**ASSIGNMENT**
Your copy should contain exactly the lines from the one that holds "RBS银行logo图片" through the end of the material, reproduced as written, with no pictures.

**INFORMATION PROVIDED**
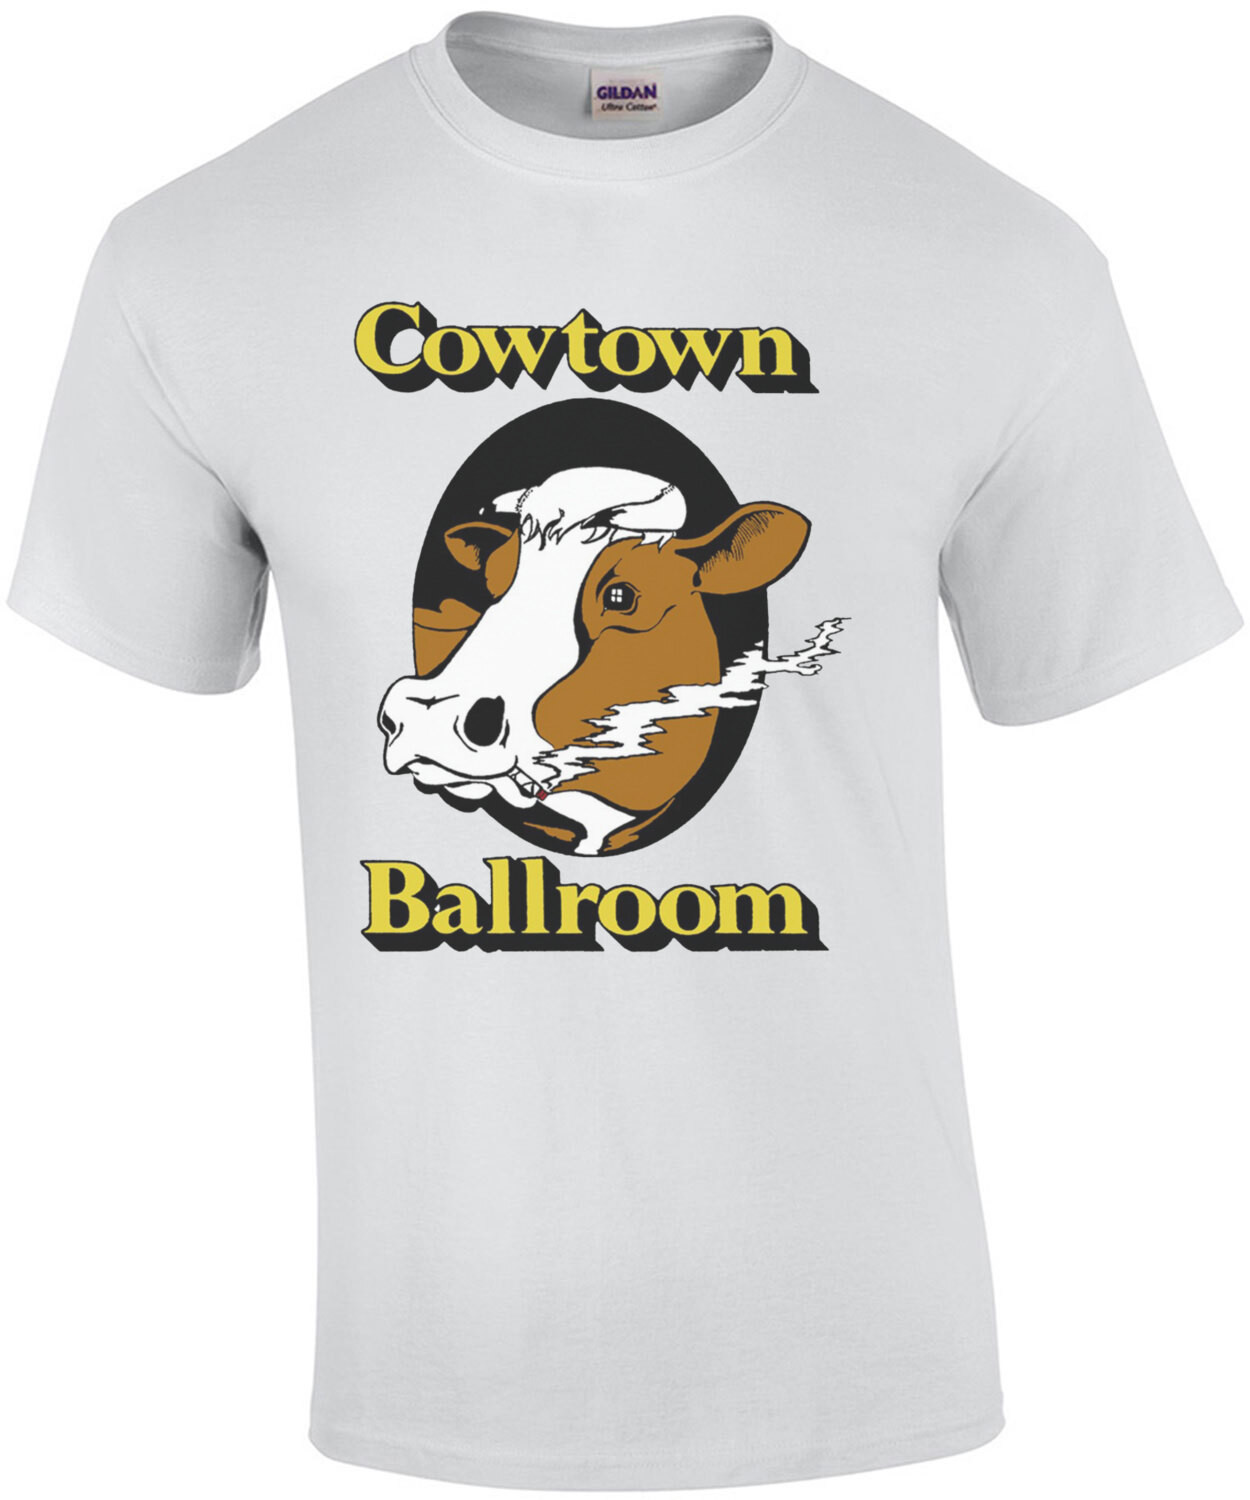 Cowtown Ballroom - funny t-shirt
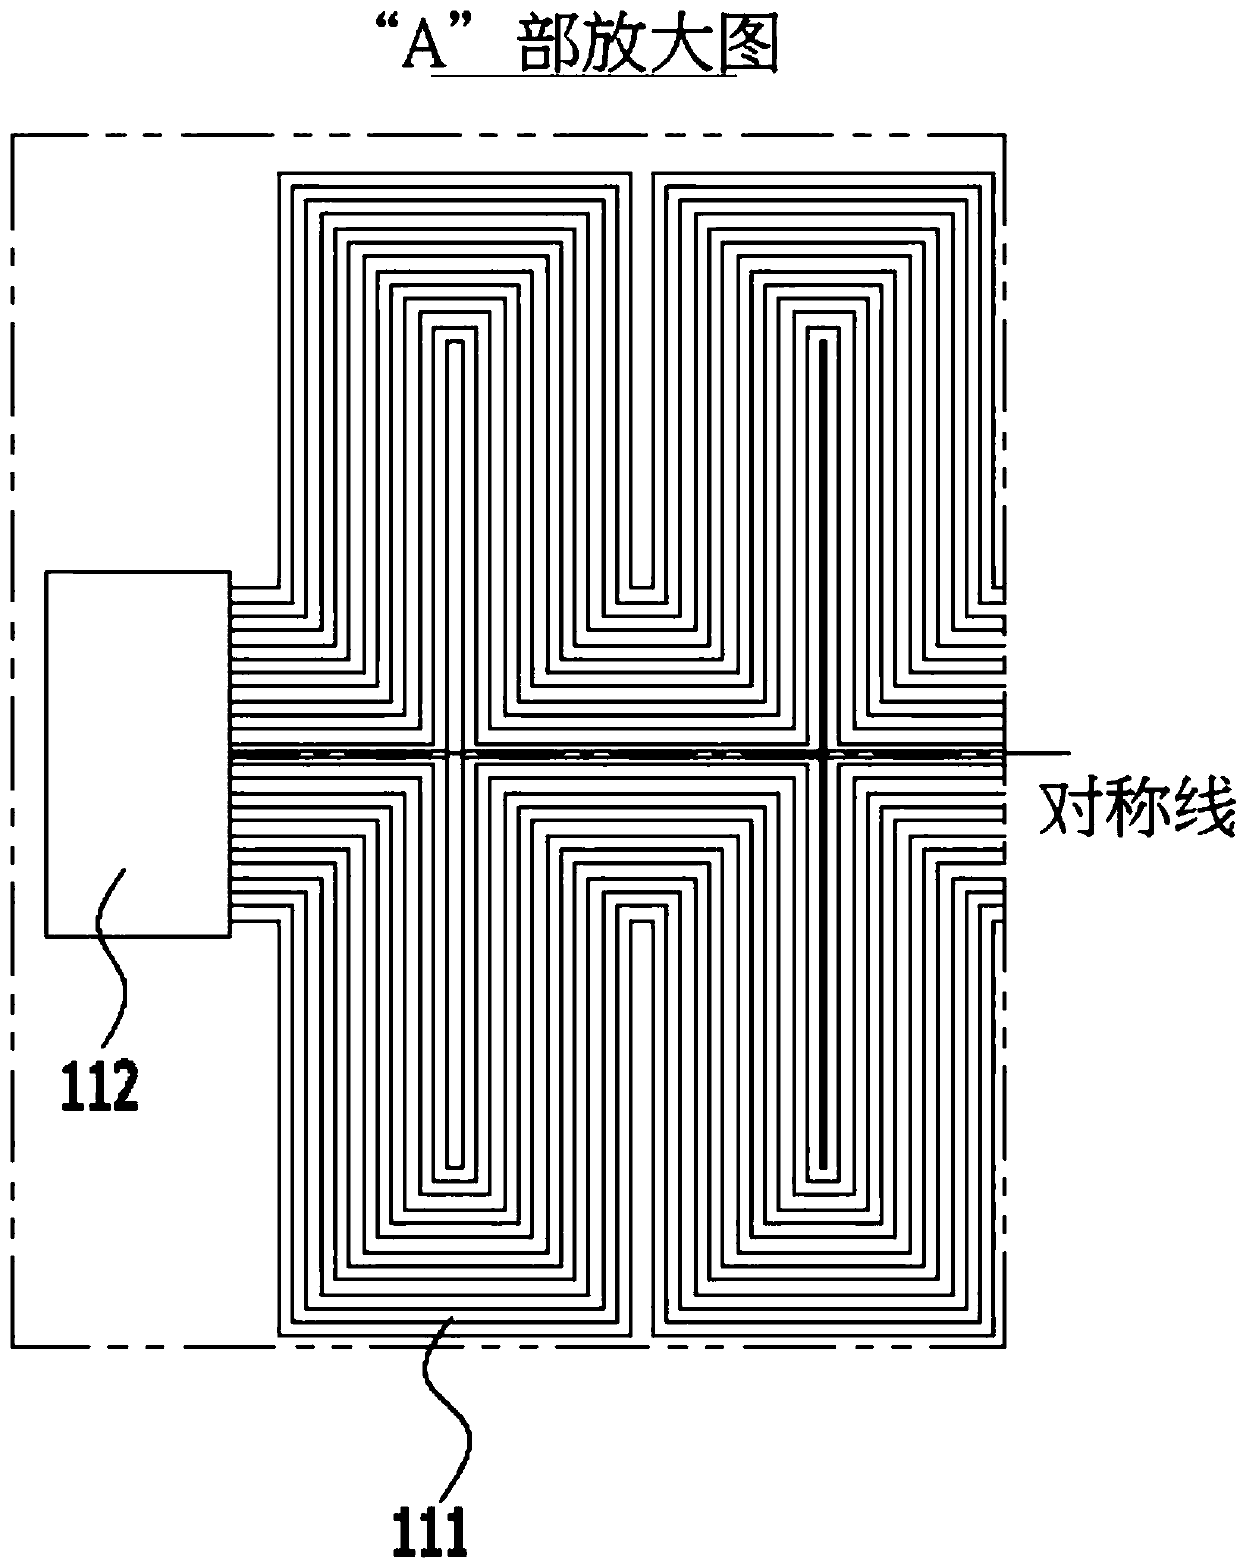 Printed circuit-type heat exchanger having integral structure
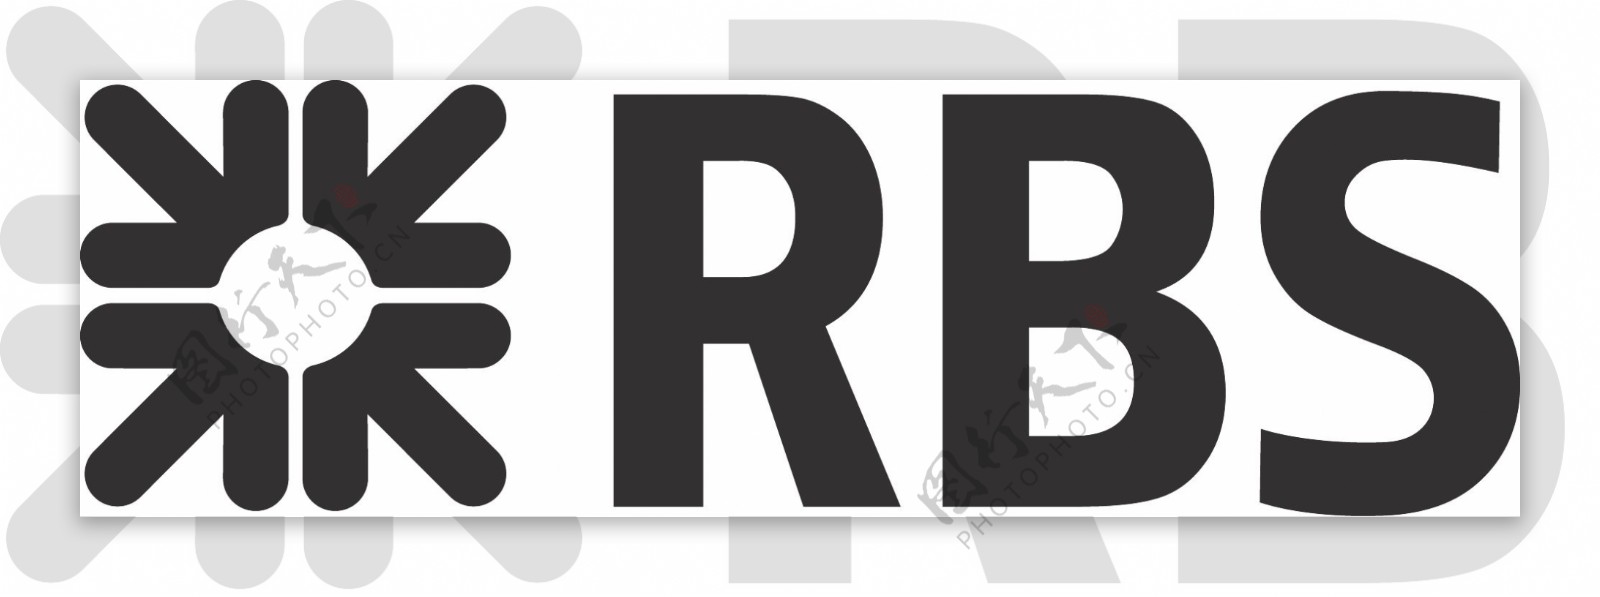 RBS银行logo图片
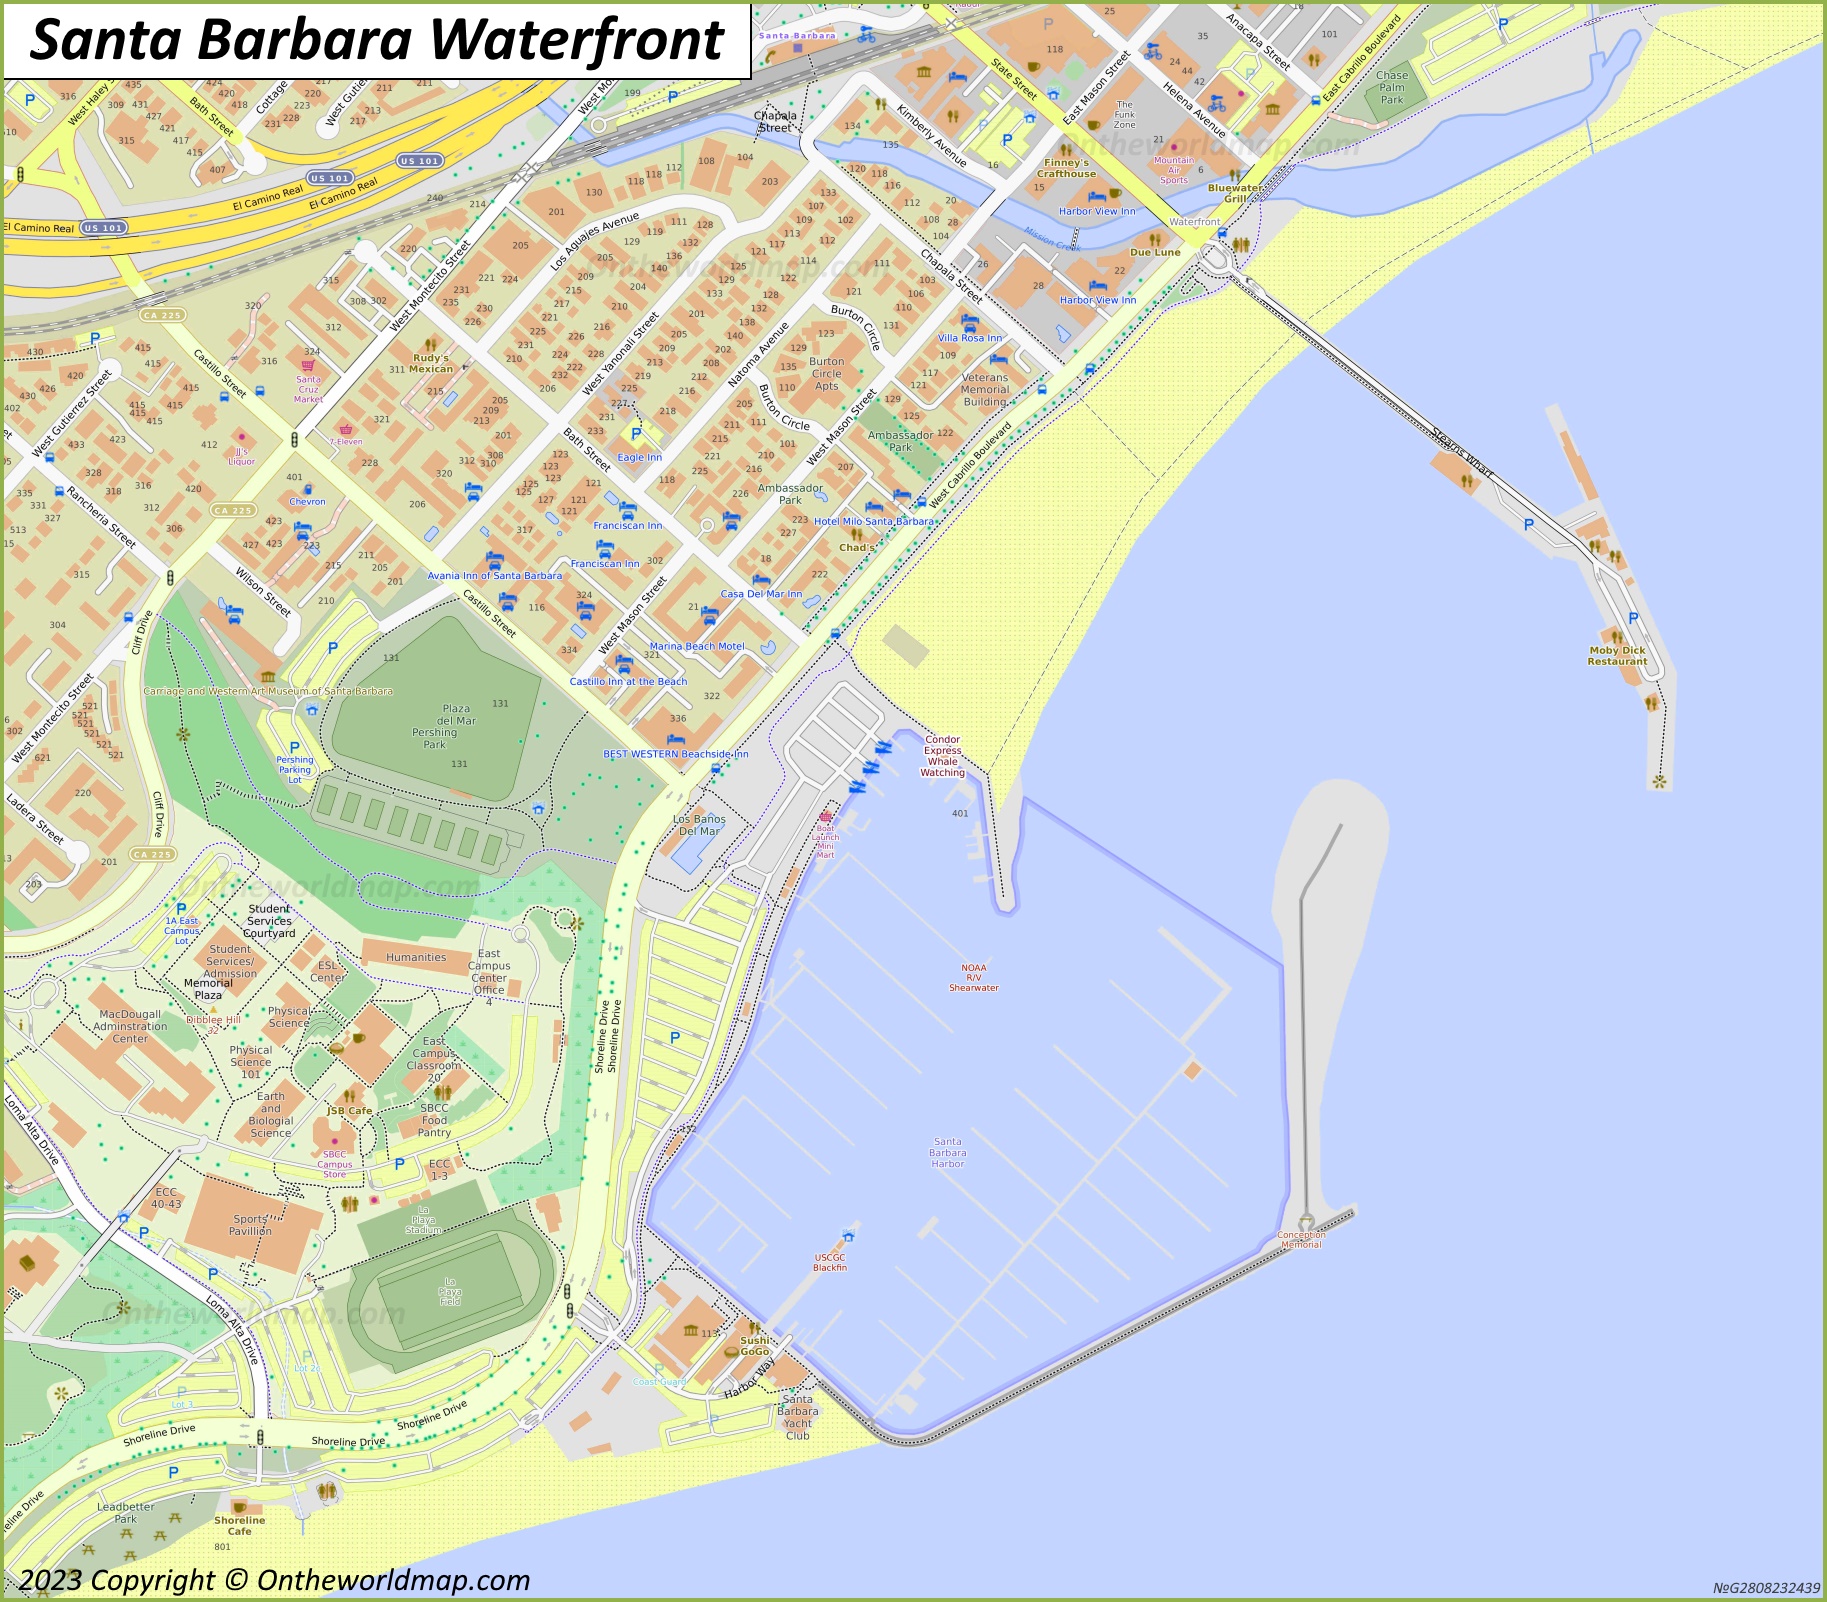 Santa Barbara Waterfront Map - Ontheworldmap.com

**ANSWER SECTION**
 RBS银行logo图片
 Santa Barbara Waterfront Map - Ontheworldmap.com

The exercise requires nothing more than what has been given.